• **Instructions for the task**
The expected result is an exact copy of the lines from the one holding "TFB Review: Meprolight" to the last line of the material, with pictures removed and nothing added.

• **Provided data**

-- Opening Marker --

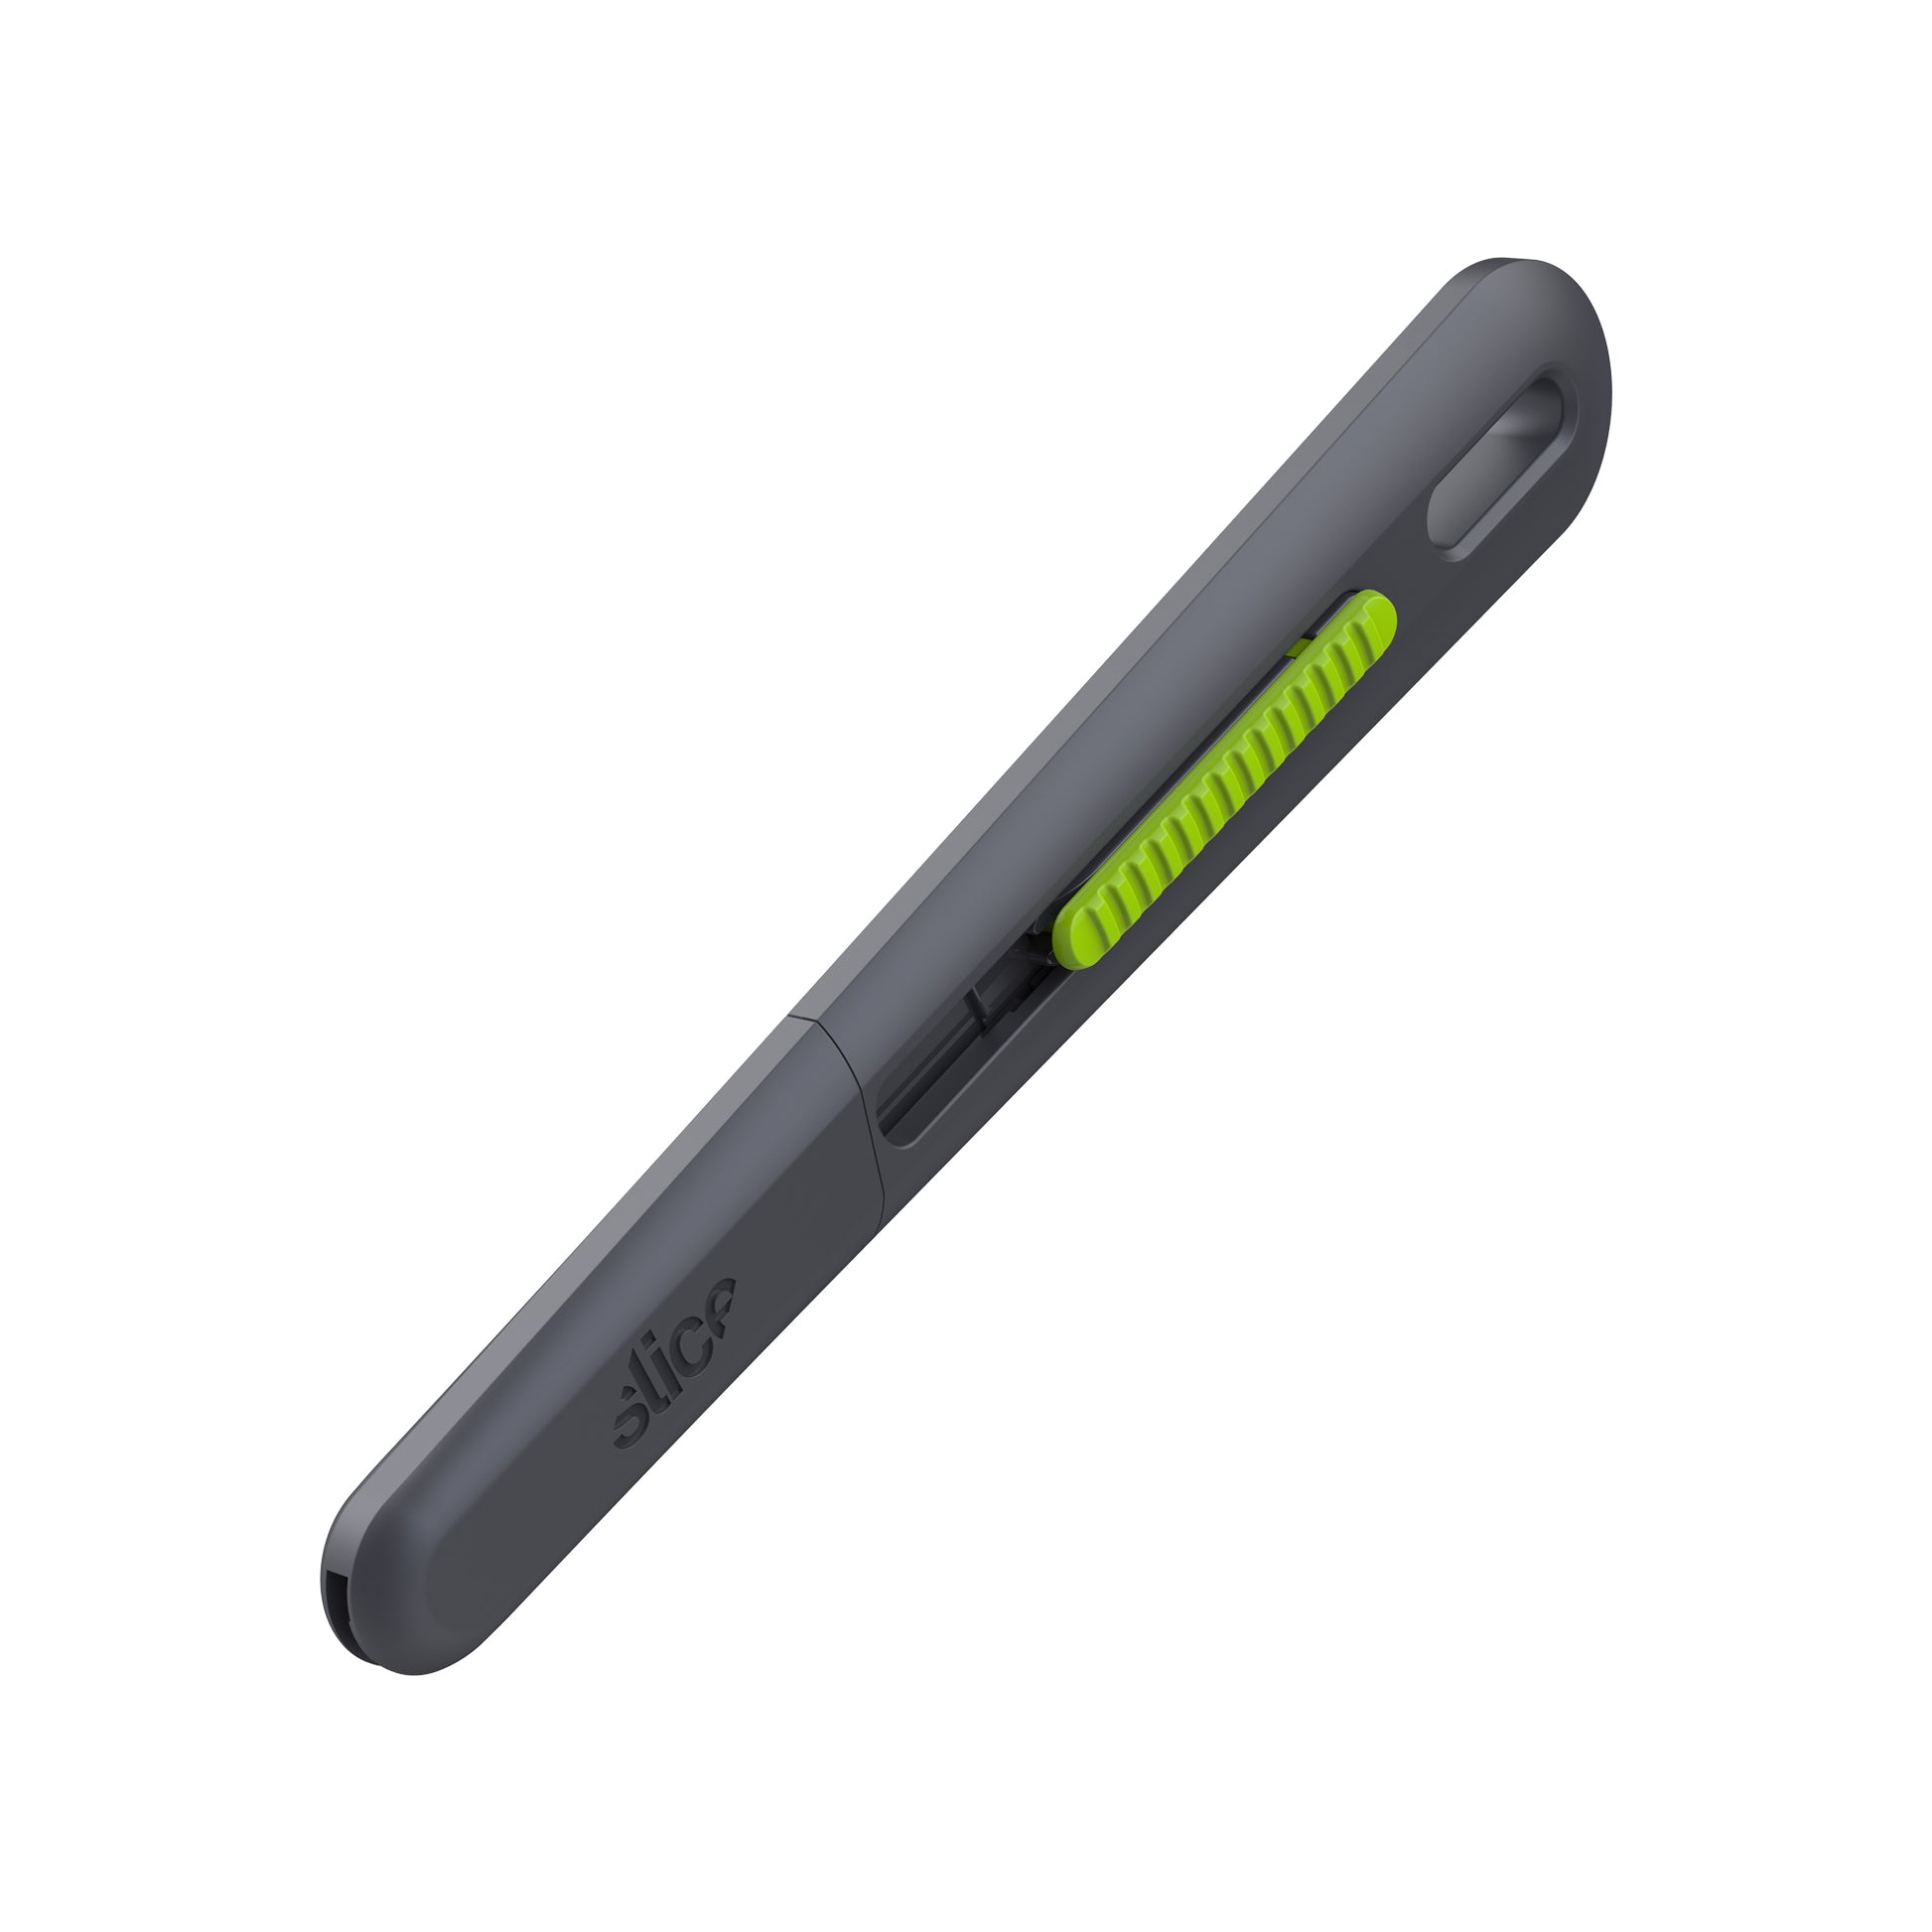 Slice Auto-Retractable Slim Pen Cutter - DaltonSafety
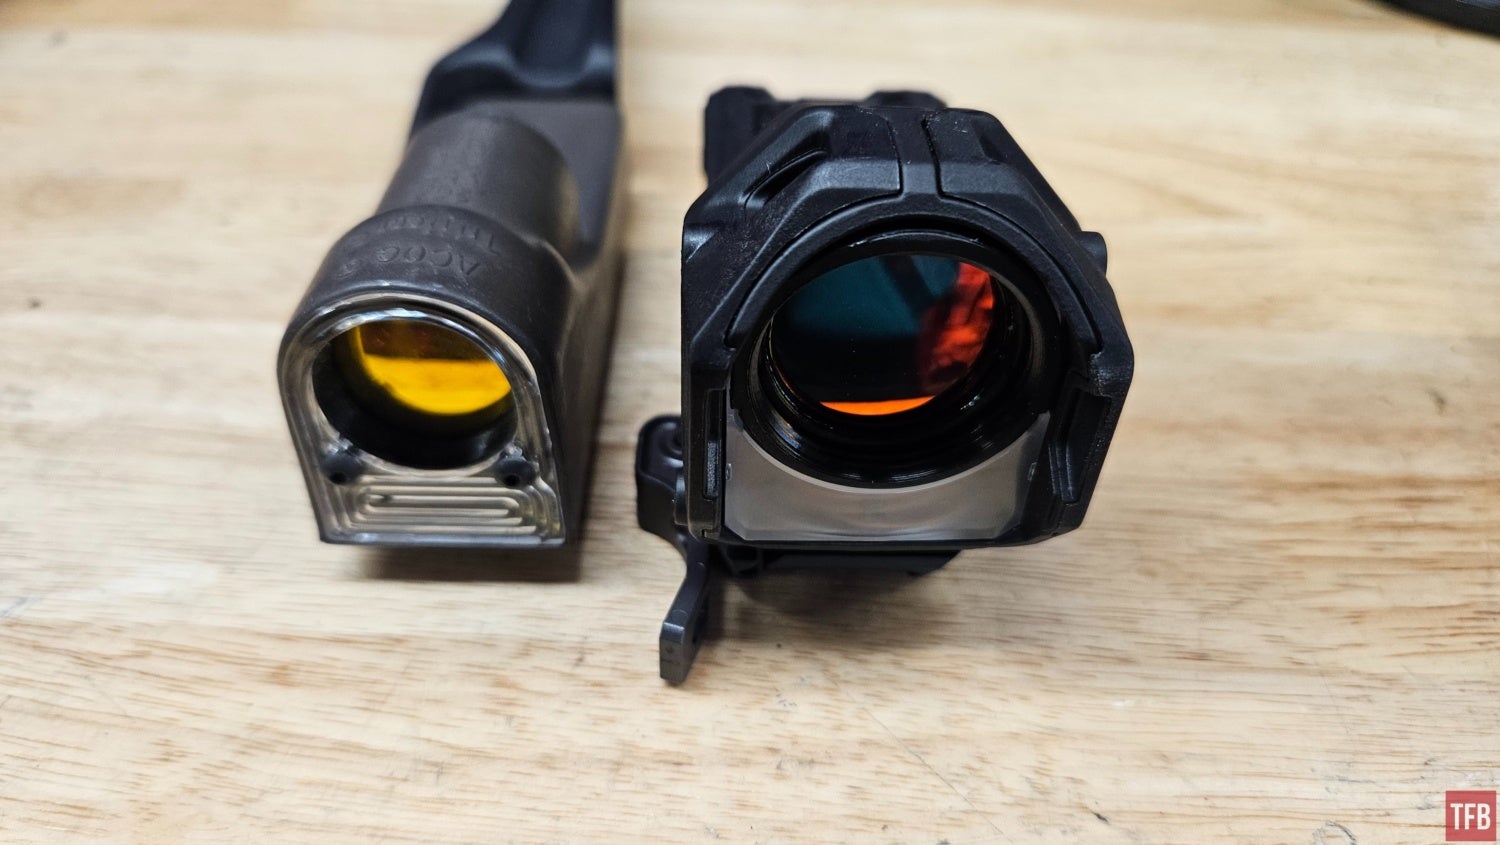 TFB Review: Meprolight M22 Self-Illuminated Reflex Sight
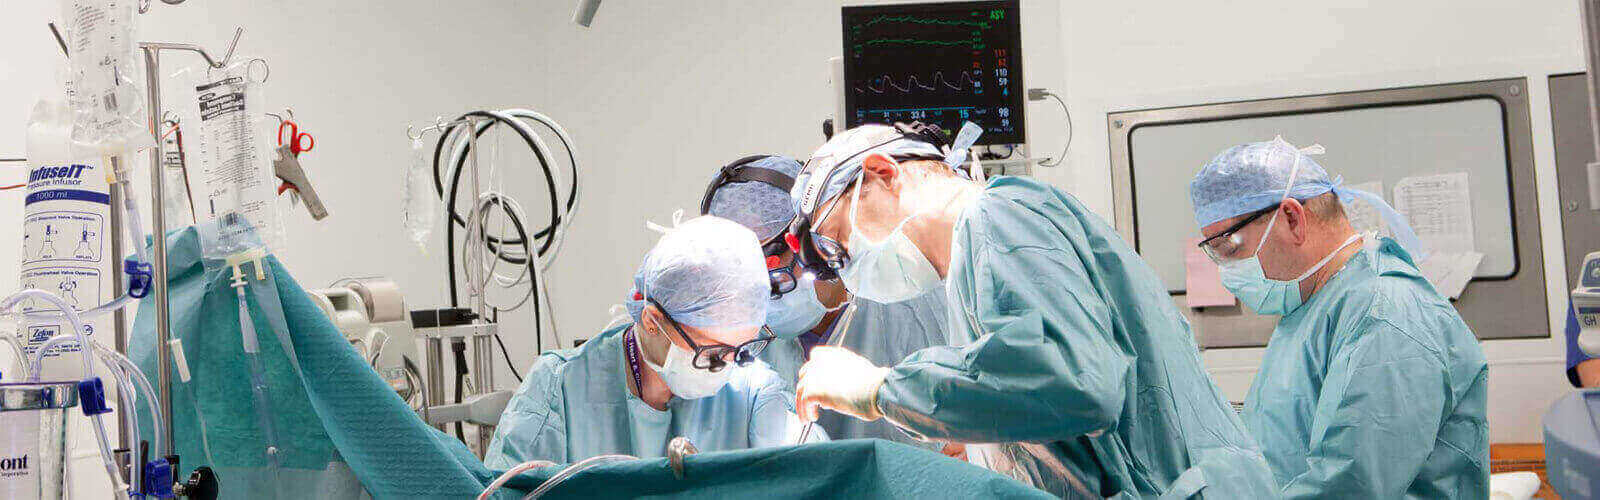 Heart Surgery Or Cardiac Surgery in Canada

-- Closing Marker --

• **The completed task**
 TFB Review: Meprolight M22 Self-Illuminated Reflex Sight
 Heart Surgery Or Cardiac Surgery in Canada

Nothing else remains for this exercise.